Every morning he wakes up in that room, where three other guys are snoring and mumbling in their sleep, and he looks around and his first thought is How the fuck did I get here? Then, every morning, whether he likes it or not, it all comes rushing back to him: that moment when five EMTs came rushing at him down the hall as he stared dumbly at them, naked, paralyzed from what turned out to be the combined effects of heroin, crystal meth, ketamine, and MDMA. There he was, looking up at the squad in a narcotic haze. Instantly, two of them threw one of those silvery thermal blankets around him, pulled him onto a stretcher, and started taking his vitals. A cacophony all around. The other EMTs blew open the door to the apartment, where he could vaguely remember hearing the music and assorted moans and exclamations of the porn video.

The EMTs coalescing in the apartment around her. Carrie. (A woman at the nonprofit yoga-like clinic they go to taught him how to do a breathing exercise, after he confided to the woman that every time he thought of Carrie — and it was usually several times a day, starting with shortly after he woke — he wanted to hurt, or kill, himself. He clings to that breathing exercise now like a madman.)

Anyway, Mateo remembers that much. He doesn’t remember much more. Well, he vaguely remembers lying on a bed that was only half concealed by a curtain on a ceiling runner, shouting things, and people holding him down. And that’s about the last thing he remembers until he came to in a hospital room. Then there was a period in a detox unit he can vaguely recall, shuffling awake a few times a day to go eat some bad food with a bunch of freaks, sitting there in a half-coma with a social worker talking to him about his options, then, at night, a makeshift AA meeting with some outside people brought in, mumbling out his dank thoughts.

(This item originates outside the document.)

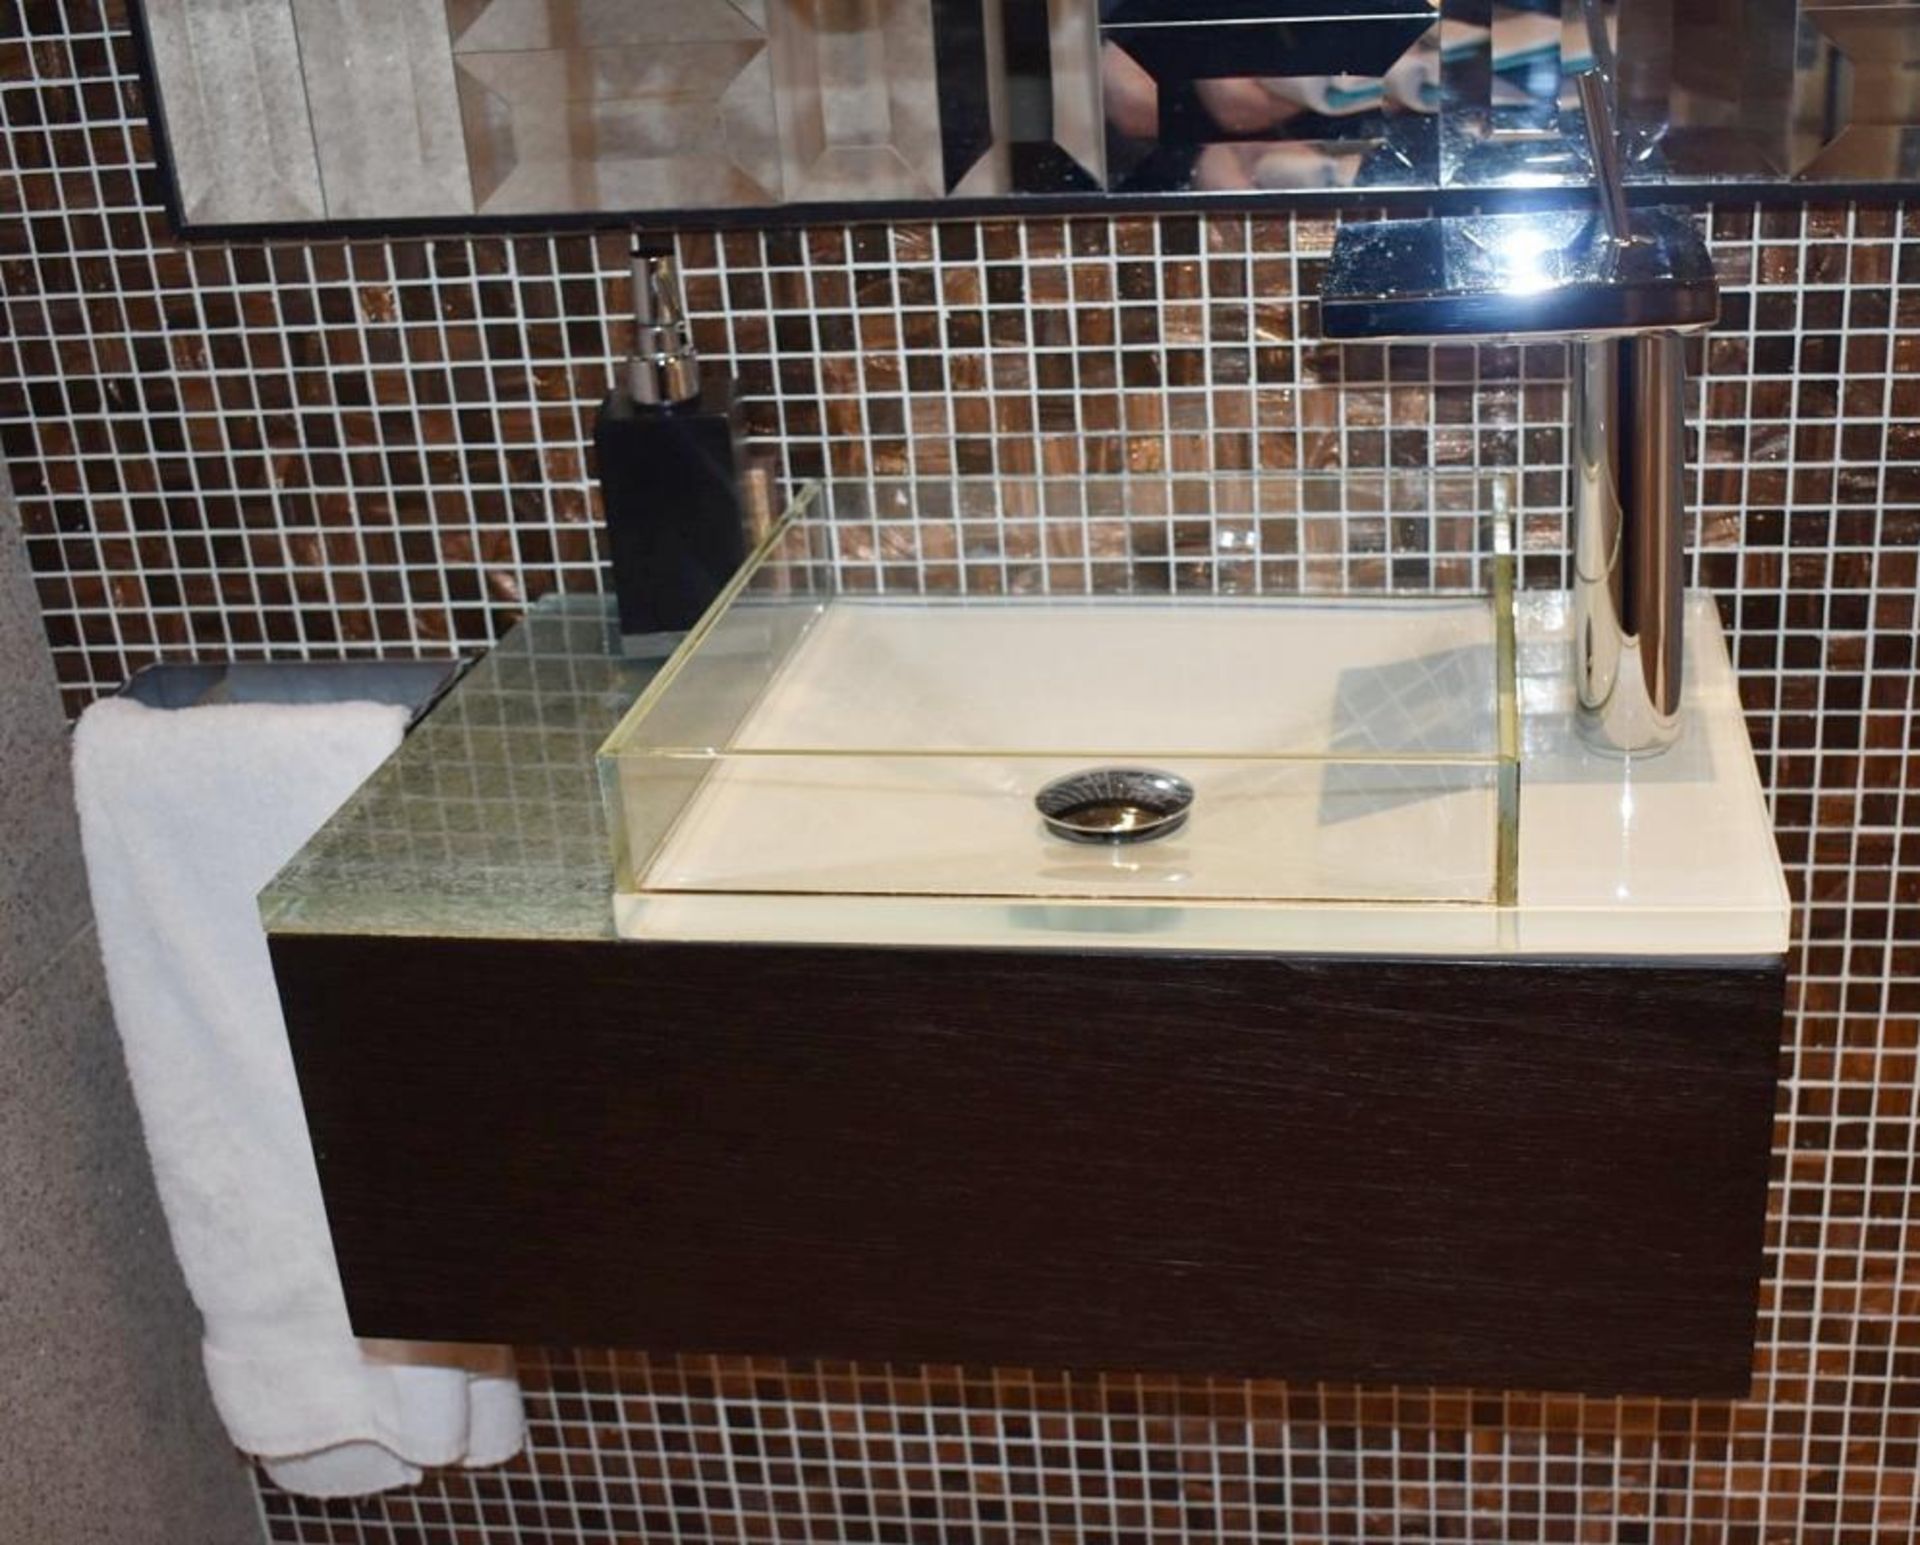 1 x Downstairs Bathroom Suite - Includes: Wall Hung Pan with Seat, Gerberit Wall Flusher, Wall Hung - Image 10 of 10

It had all led to an inpatient rehab center for a month, some place that accepted Medi-Cal, which apparently they had put him on. He barely remembered anything from that month. He didn’t remember much until he was discharged and a minivan drove him here, to this not-so-pristinely maintained fourteen-room Craftsman home, called Triumph House, in a run-down, poverty-stricken neighborhood full of beautiful old houses called West Adams.